# [TASK PROMPT]
Under this line is a listing; return exactly the lines starting at the one with "Us 16 55 31" and running down to the one with "mens-pajama-set-gift-ideas-christmas-2020", and leave out its pictures.

# [LISTED RECORDS]

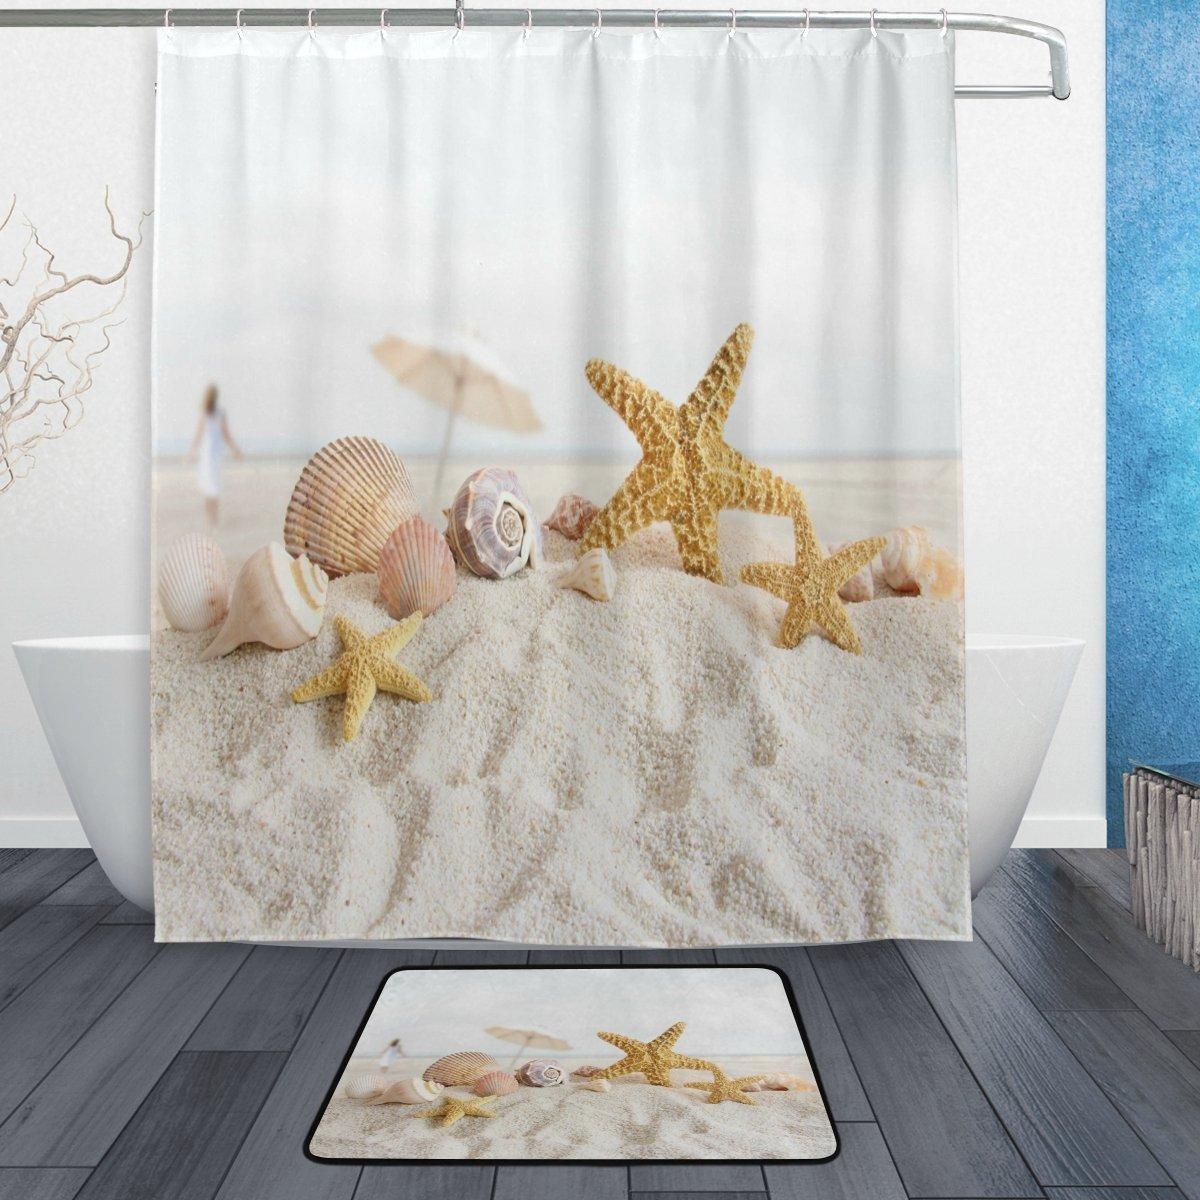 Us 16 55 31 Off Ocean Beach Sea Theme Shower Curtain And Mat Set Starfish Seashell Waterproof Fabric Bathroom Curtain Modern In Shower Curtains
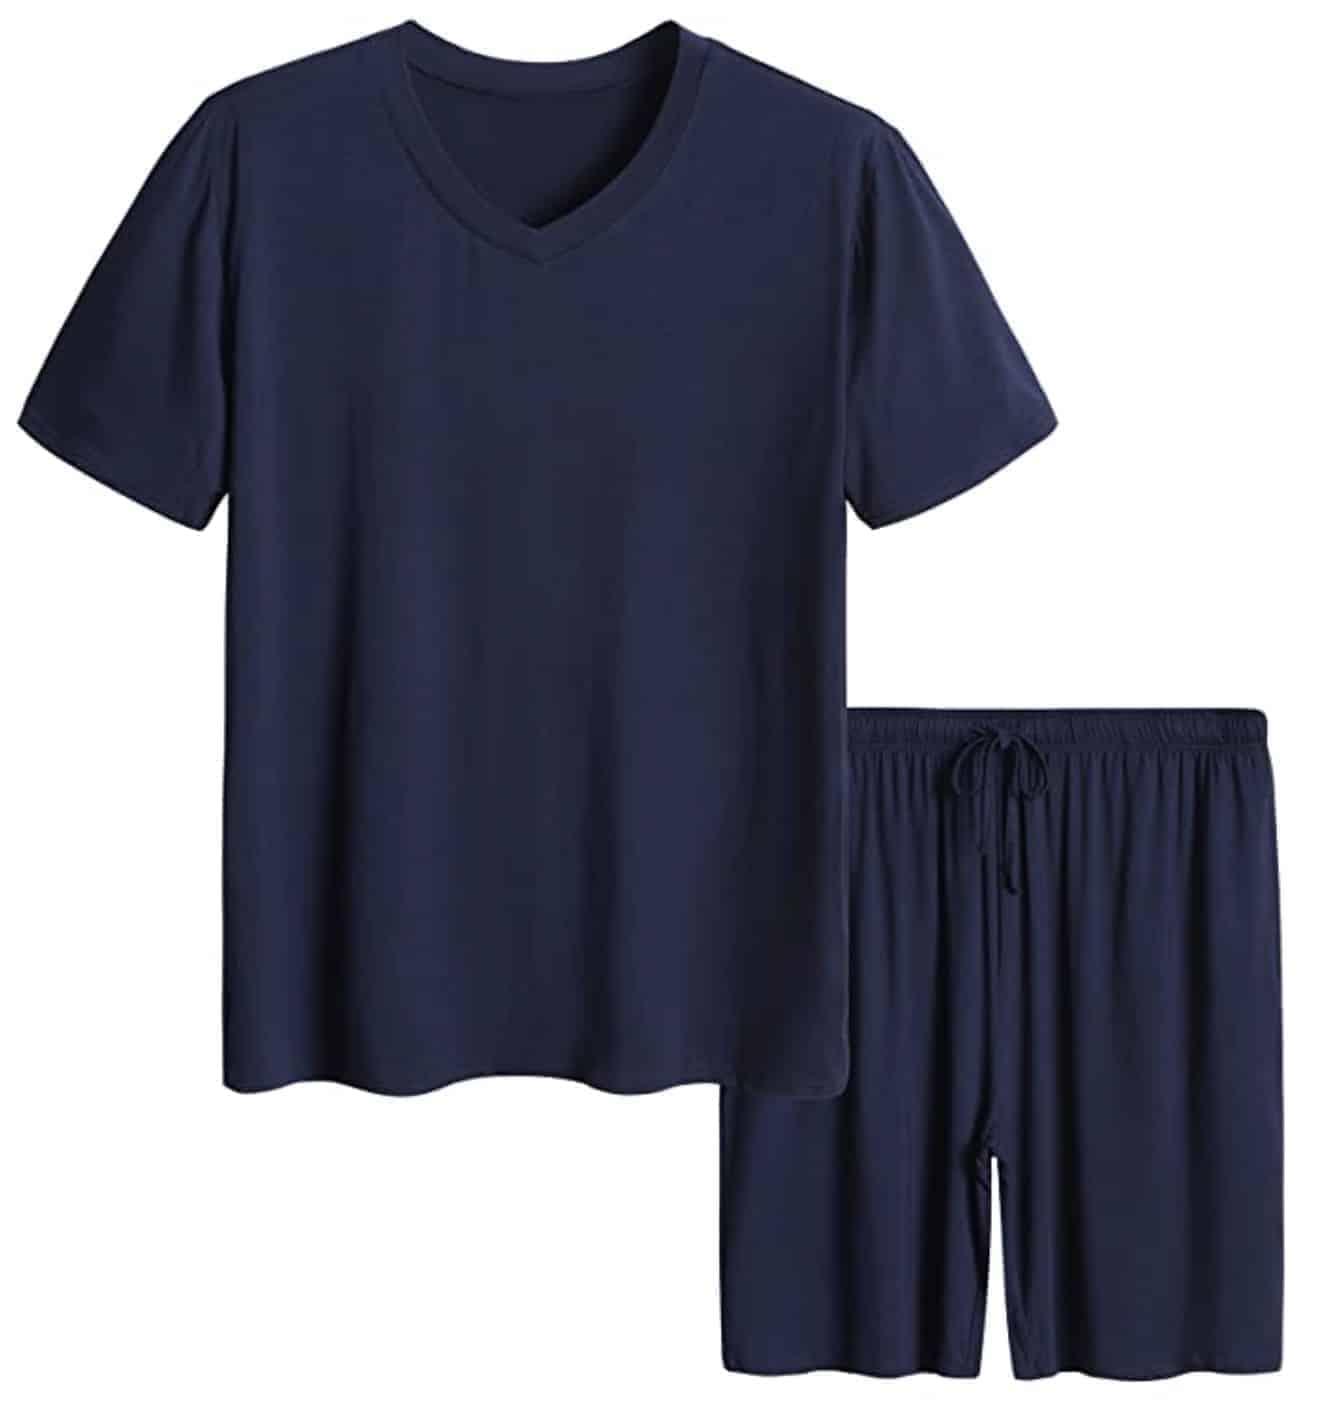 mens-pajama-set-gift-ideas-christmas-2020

...

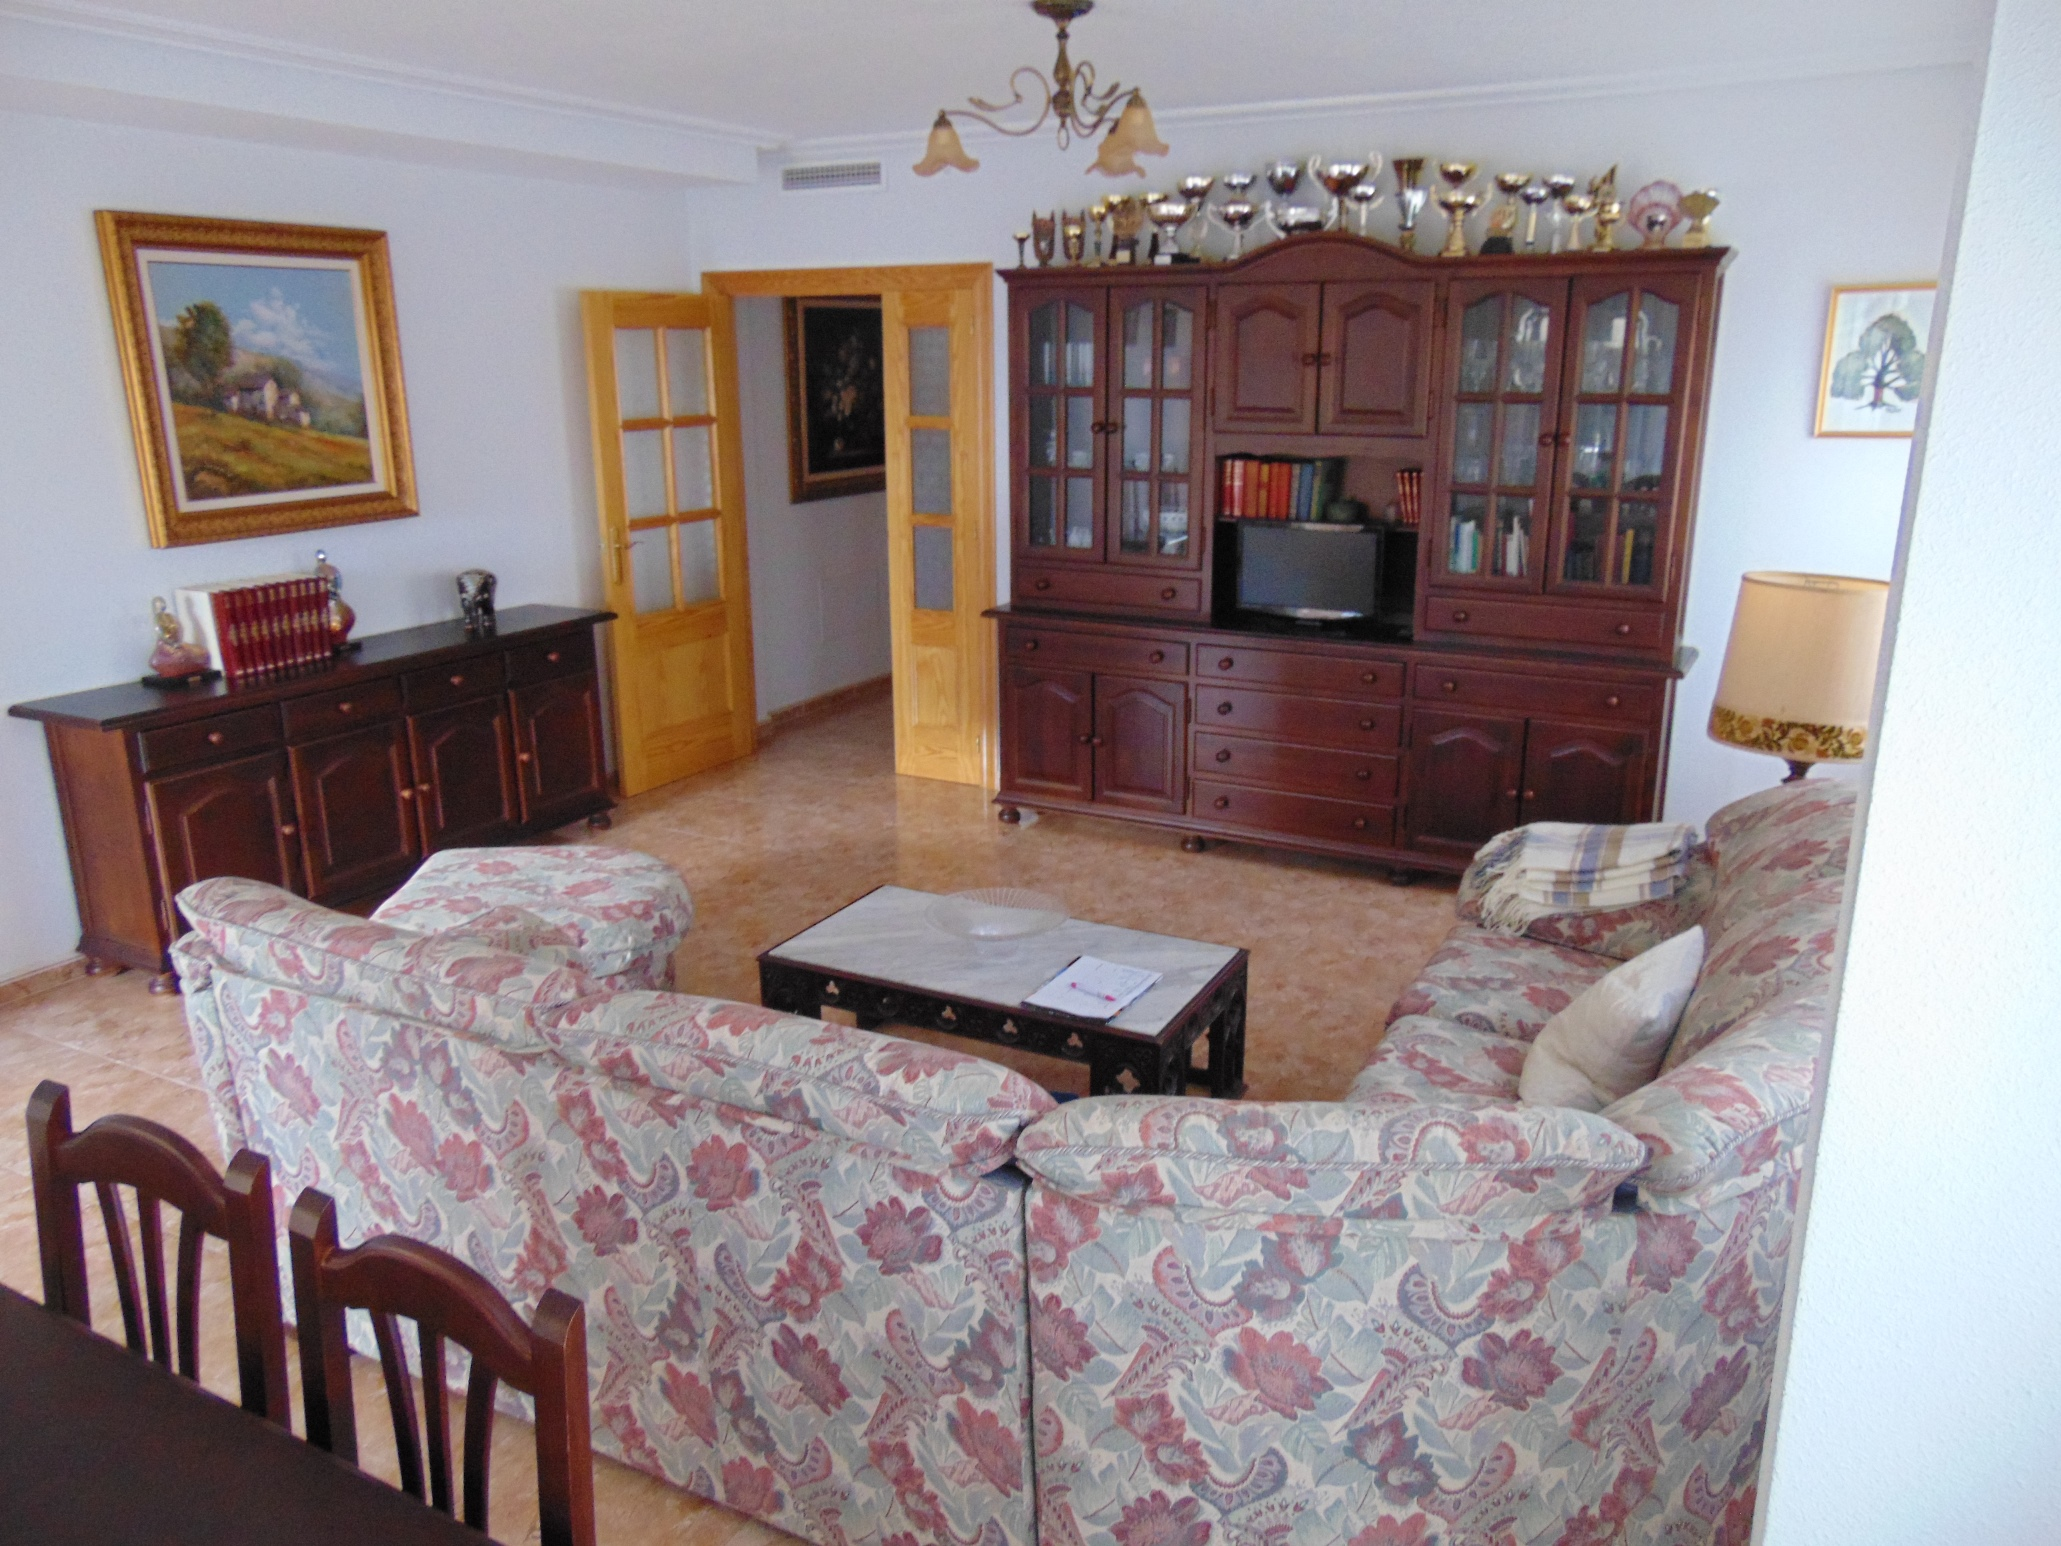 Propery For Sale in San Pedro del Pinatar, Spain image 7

...

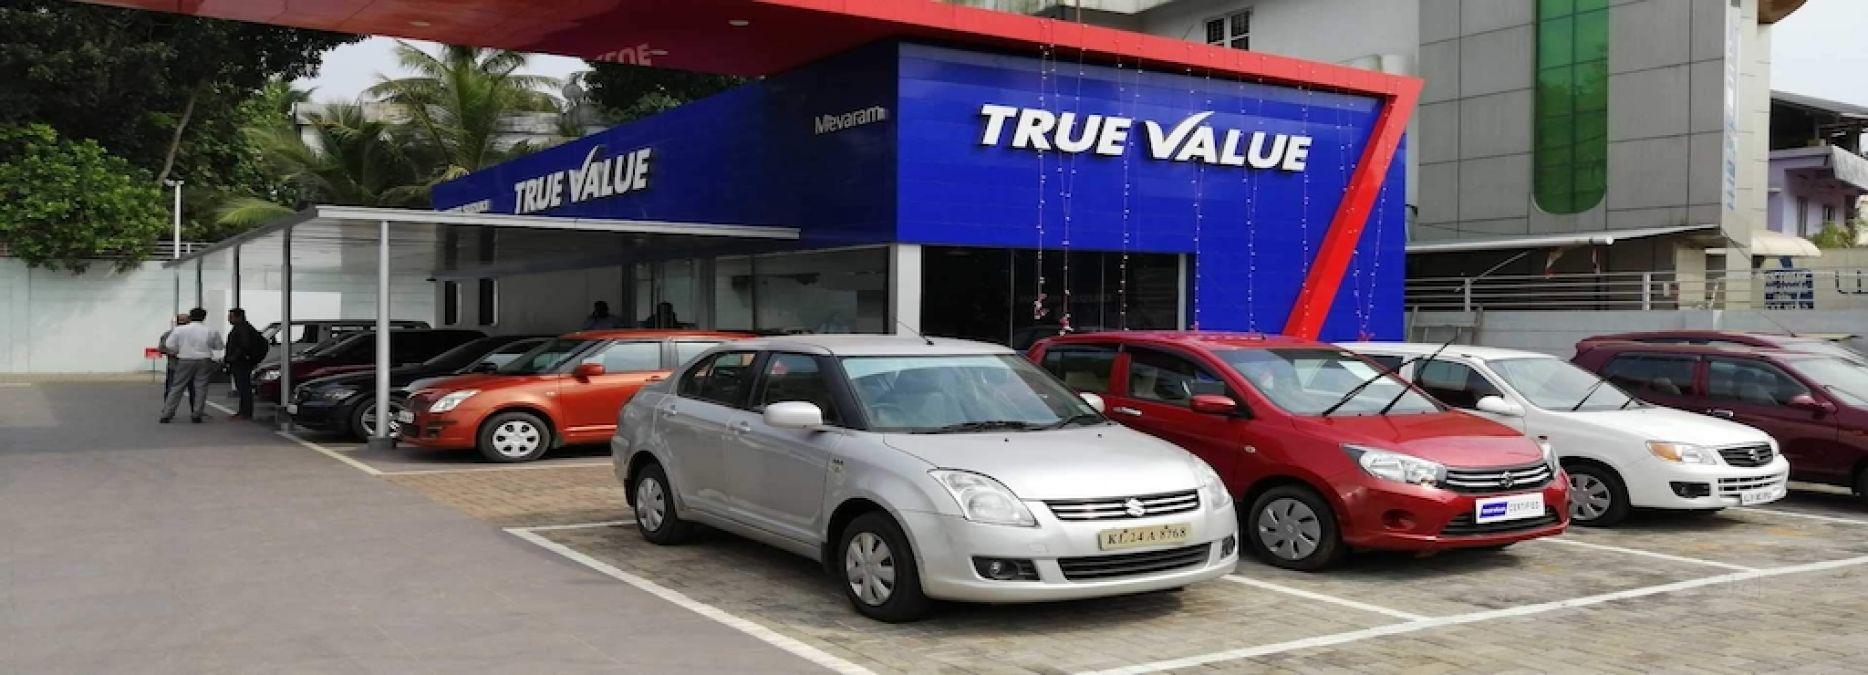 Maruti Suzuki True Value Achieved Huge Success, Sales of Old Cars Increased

# [YOUR SOLUTION]
 Us 16 55 31 Off Ocean Beach Sea Theme Shower Curtain And Mat Set Starfish Seashell Waterproof Fabric Bathroom Curtain Modern In Shower Curtains
 mens-pajama-set-gift-ideas-christmas-2020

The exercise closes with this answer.